IIt was cold that day, -14°C (7°F), but not extreme. It took until mid-Friday for the car to start accumulating 'distance' and the car's still plugged in now, Sunday evening, still trickling along at 2km/hr. In an e-mail with someone from Tesla I was told "110v is just enough to keep the battery warm", a very different message than what Tesla is publicly advertising:

Tesla Charging | Tesla Motors
The Tesla tool assumes room temperature and no battery warming load. Lithium batteries can not charge below 0 degrees Celsius, so the car must warm the battery to at least that before charging starts. Depending on how much cold soak there is (what is the starting battery temperature) this may take a while. If the ambient temperature is also lower than the minimum charging temperature, it only makes matters worse because the battery heater not only has to heat the battery but also has to constantly replace the heat that is being lost to the ambient temperature.

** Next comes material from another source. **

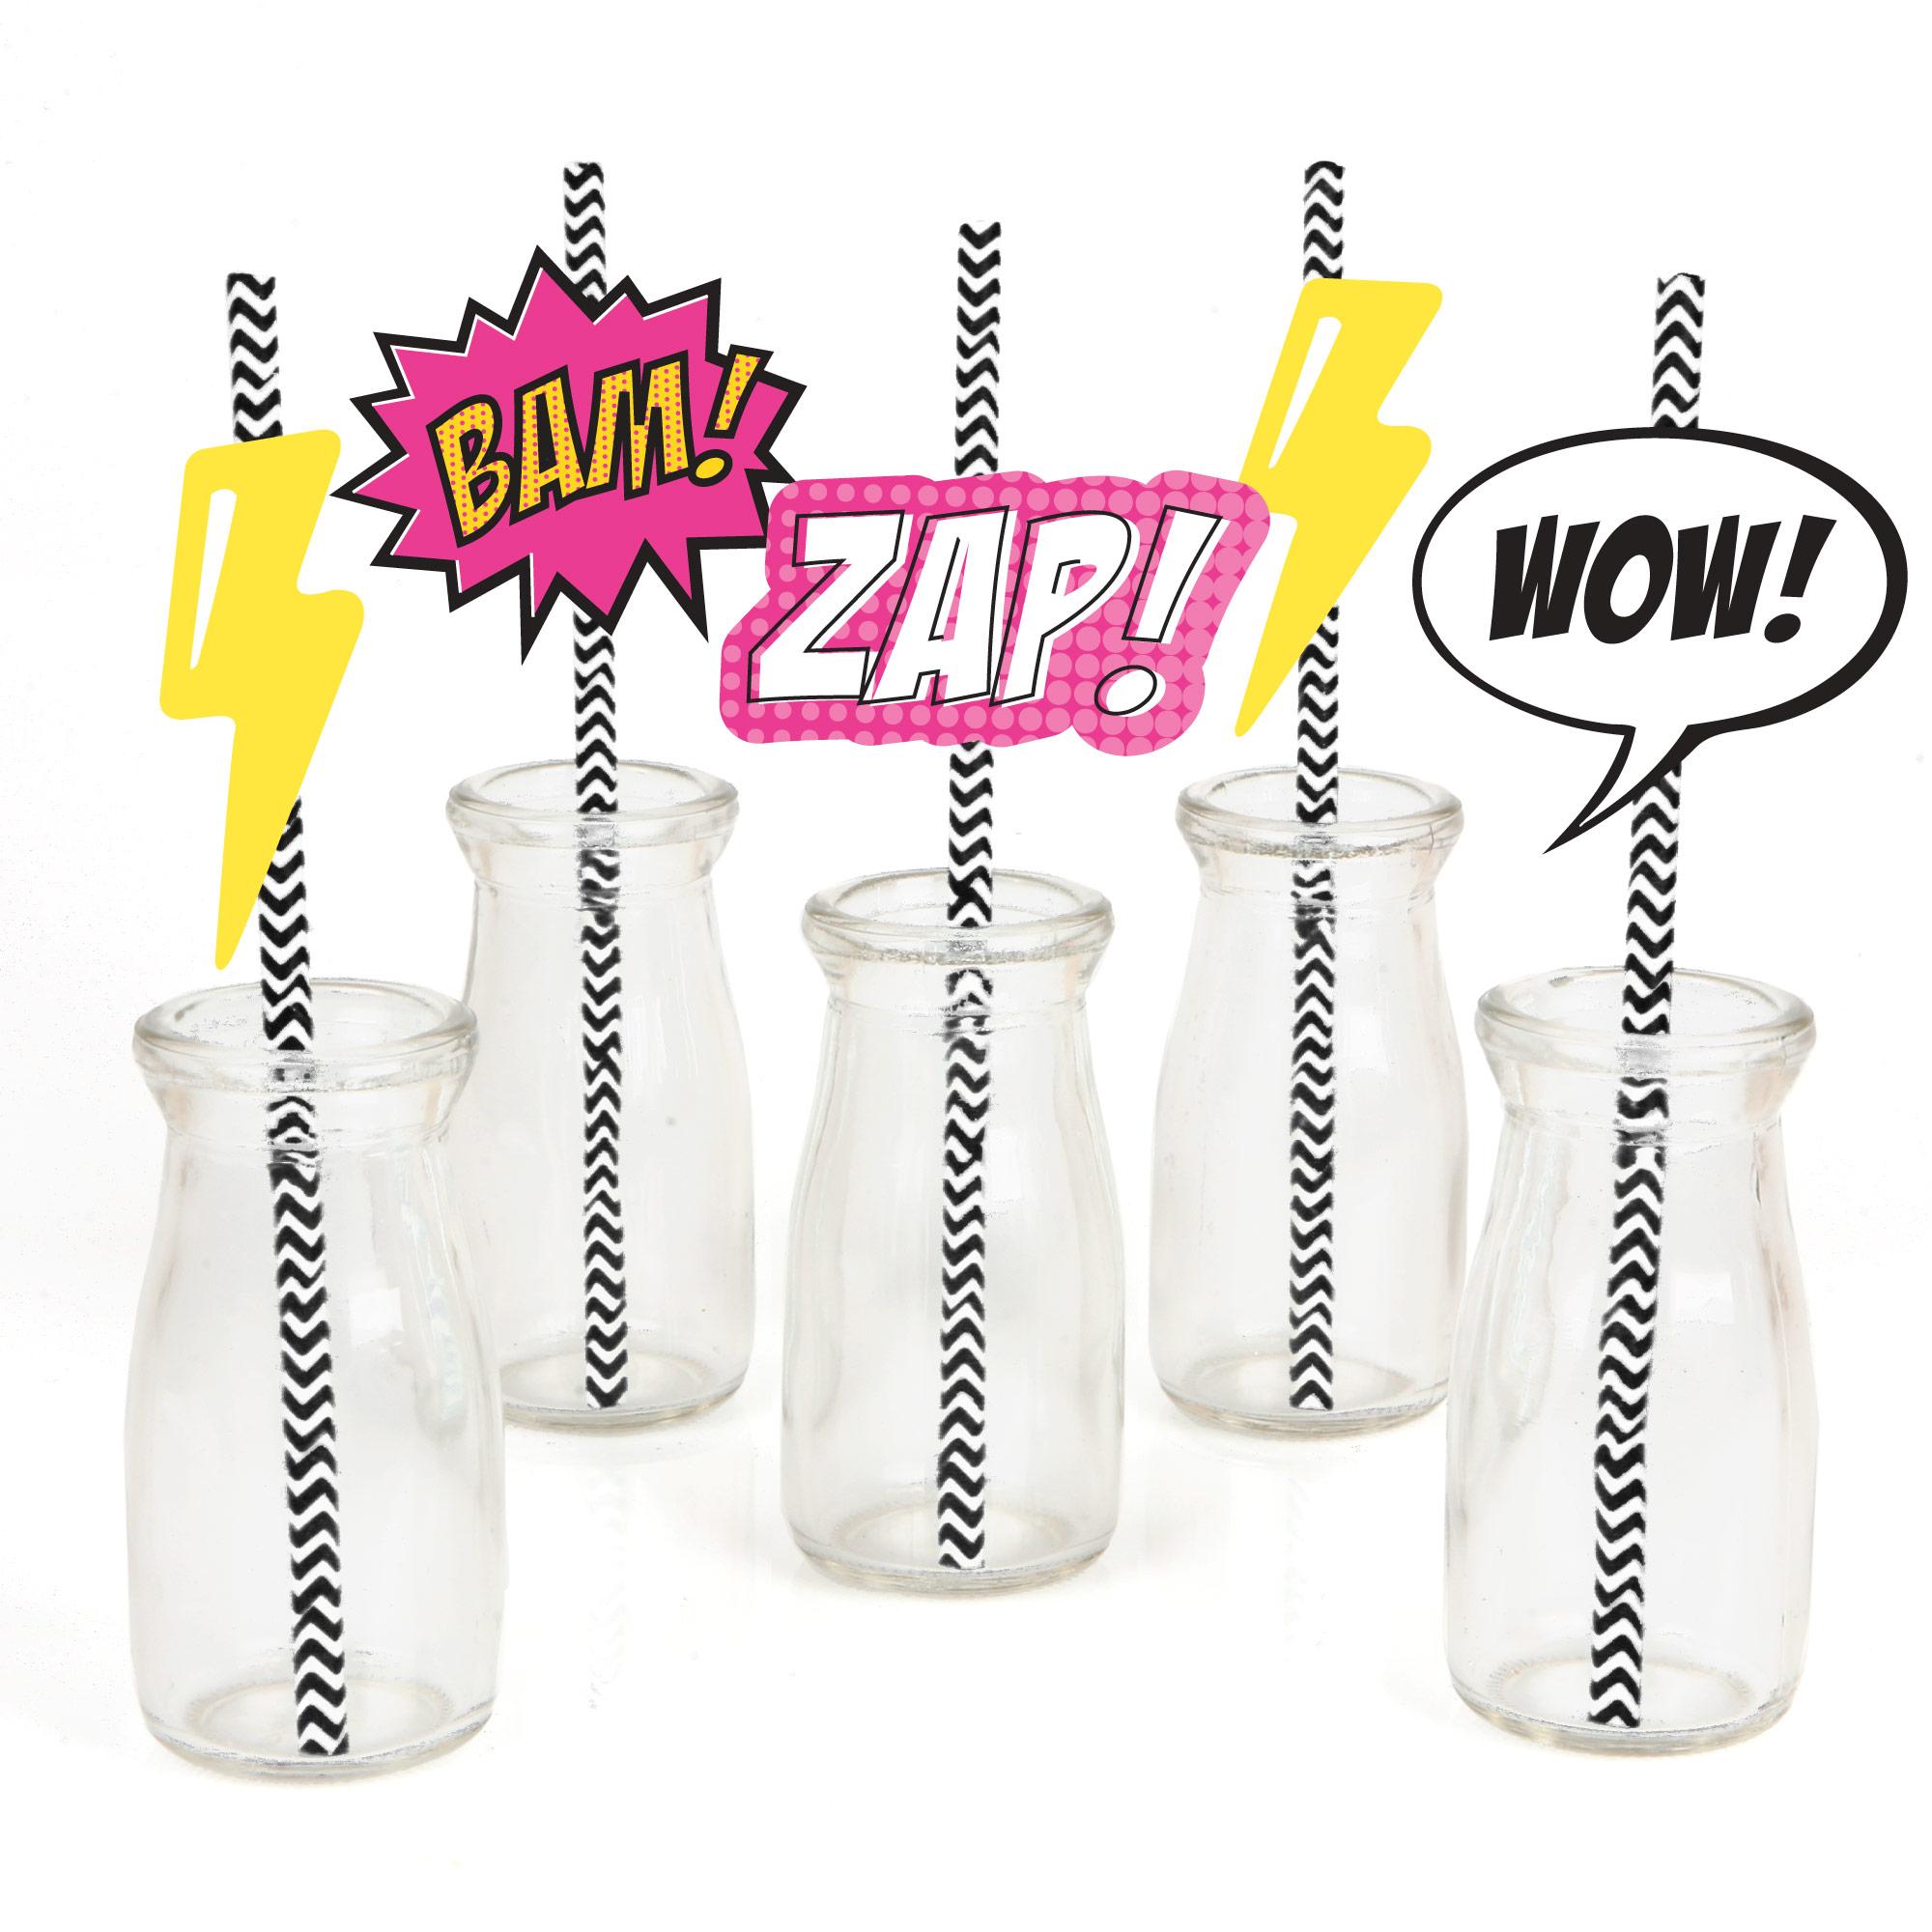 BAM! Girl Superhero - Paper Straw Decor - Baby Shower or Birthday Party Striped Decorative Straws - Set of 24
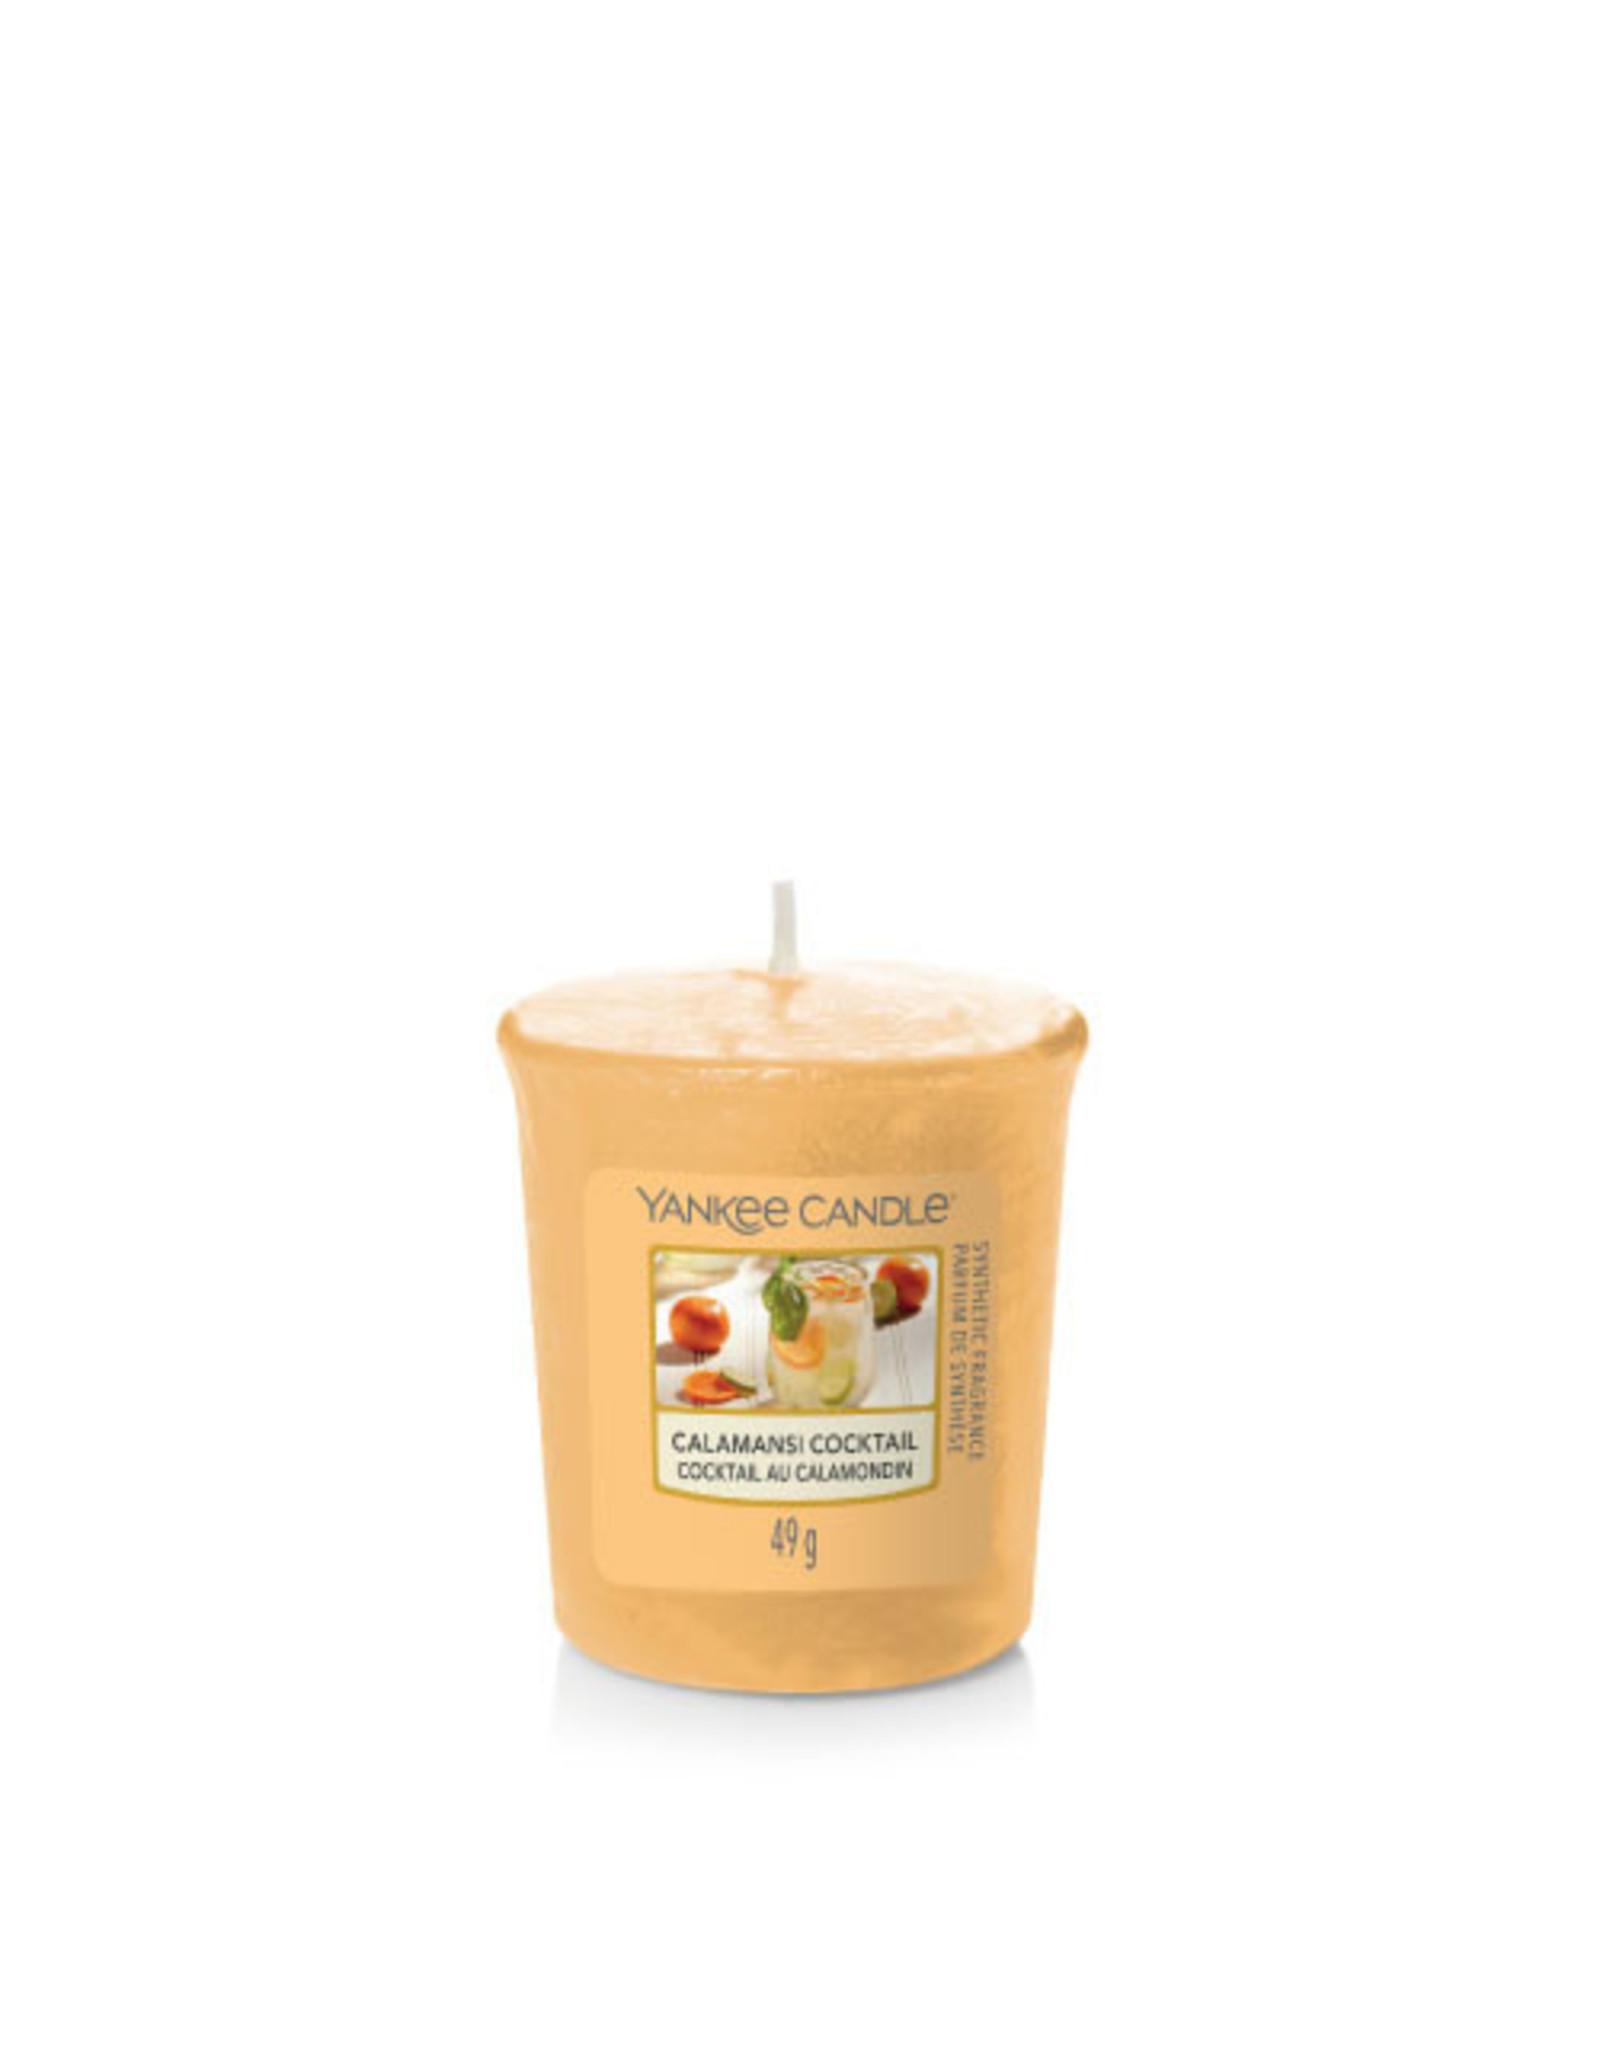 Yankee Candle Calamansi Cocktail Yankee Candle

Given the car charges at 8km/hr with no warming load and it's charging at 2km/hr in your conditions, it's using 75% (990W) of the power just to keep the pack at charging temperature, 25% (330W) to charging. This also means under those conditions it will take 4x as long to warm the battery compared to if you parked the car in a garage at the charging temperature.
 
When you get somewhere in the vicinity of -15C to -20C the pack heater doesn't have enough power at 1.2 kW to raise the pack temperature enough to charge.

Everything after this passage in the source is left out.